# [Record excerpts]

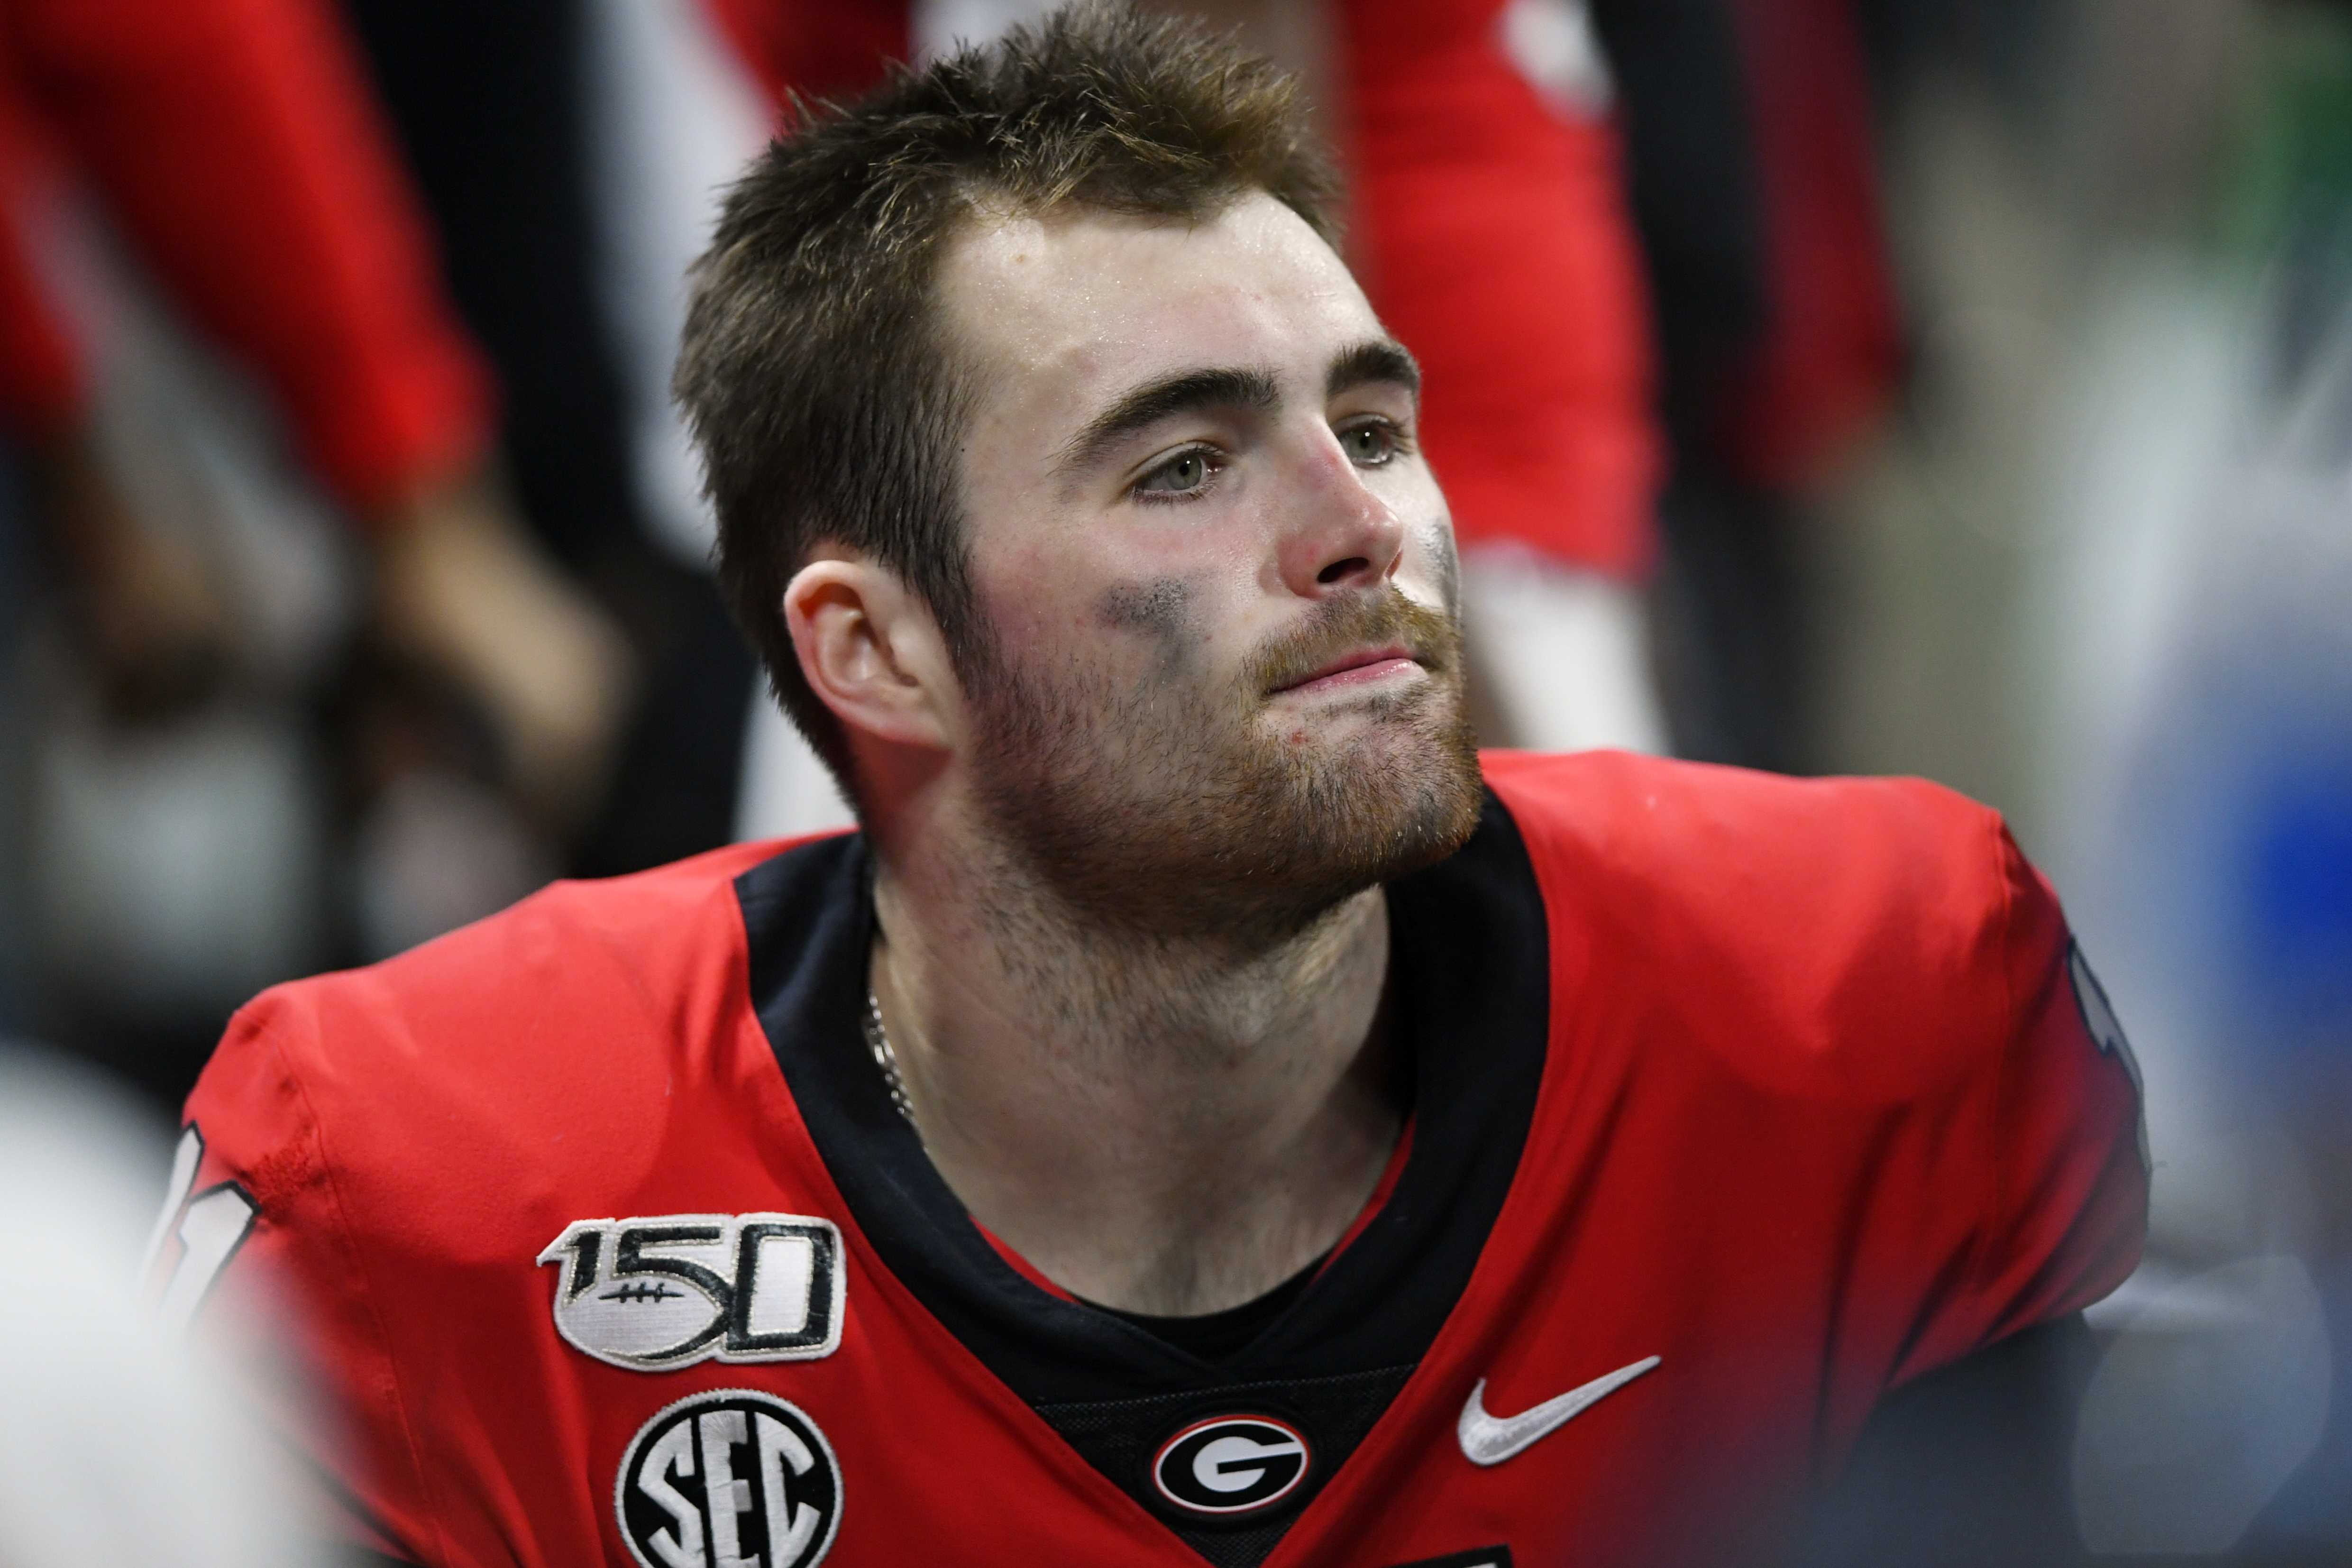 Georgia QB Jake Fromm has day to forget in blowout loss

* * *

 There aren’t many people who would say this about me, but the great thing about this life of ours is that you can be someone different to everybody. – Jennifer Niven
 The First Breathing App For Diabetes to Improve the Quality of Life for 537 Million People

* * *

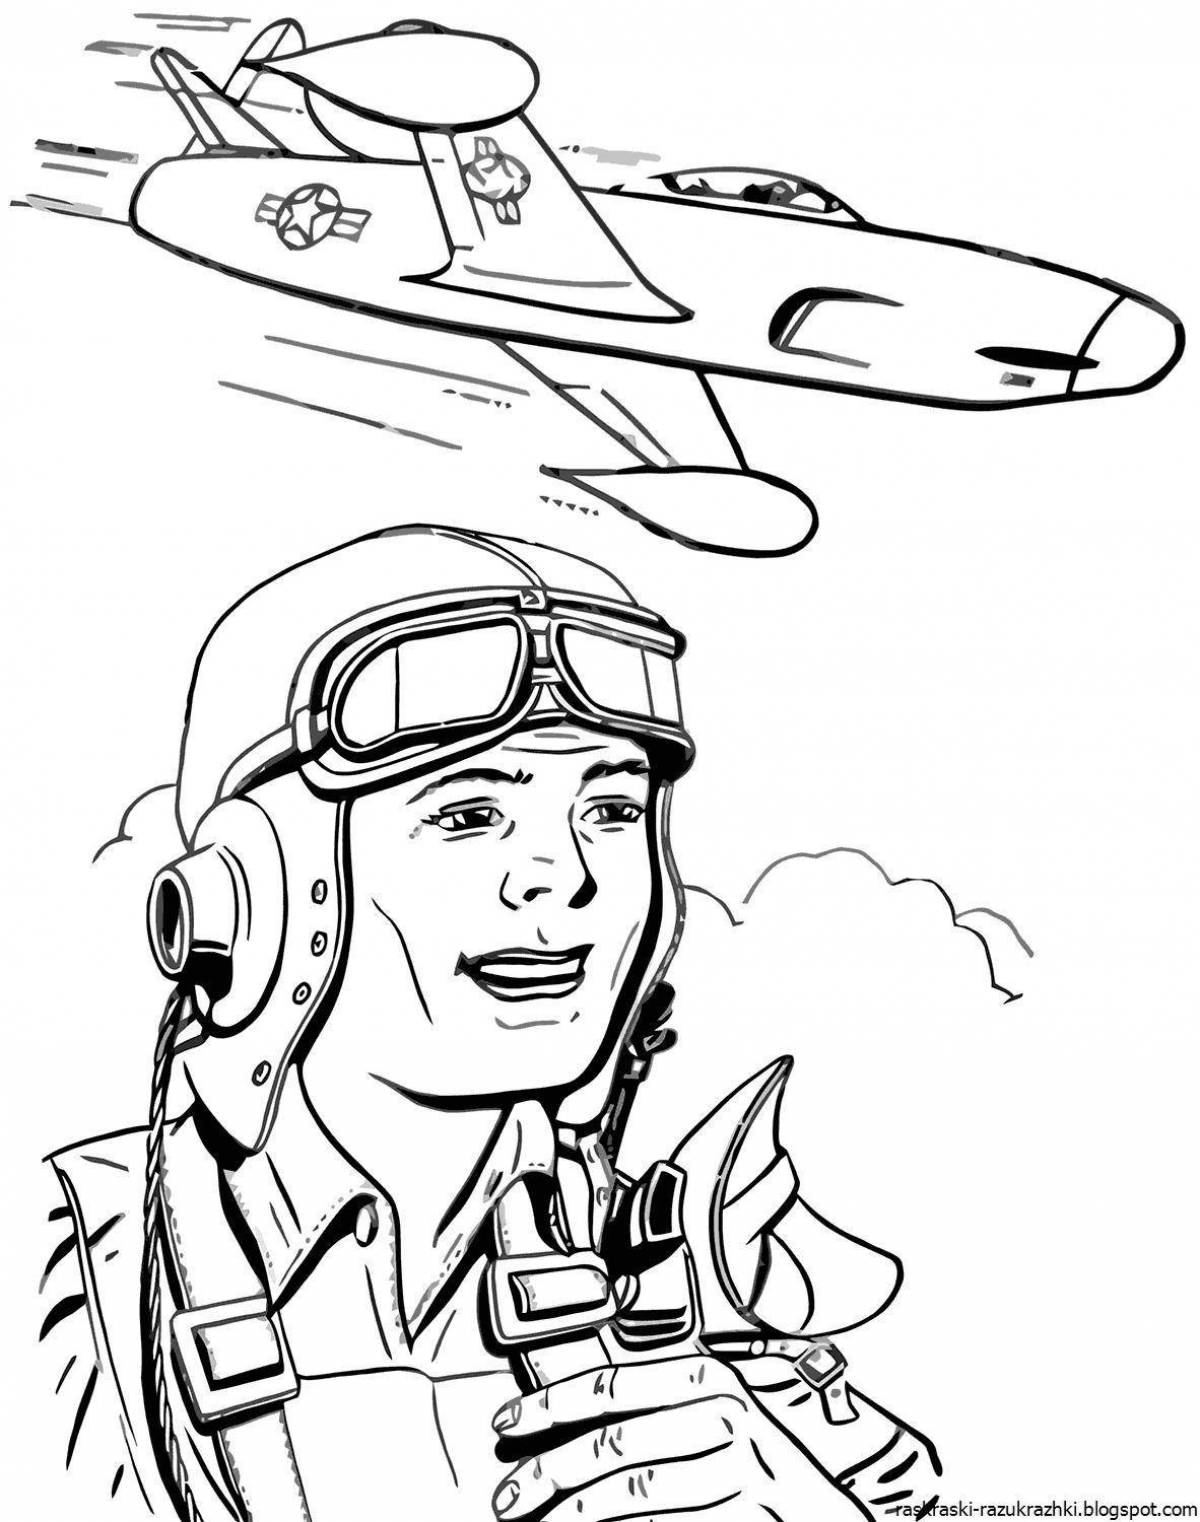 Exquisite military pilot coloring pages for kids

# [Work to complete]
Write down again, exactly as given, only the lines above that fall from the line with "There aren’t many" to the line with "The First Breathing", inclusive.

# [Completed exercise]
 There aren’t many people who would say this about me, but the great thing about this life of ours is that you can be someone different to everybody. – Jennifer Niven
 The First Breathing App For Diabetes to Improve the Quality of Life for 537 Million People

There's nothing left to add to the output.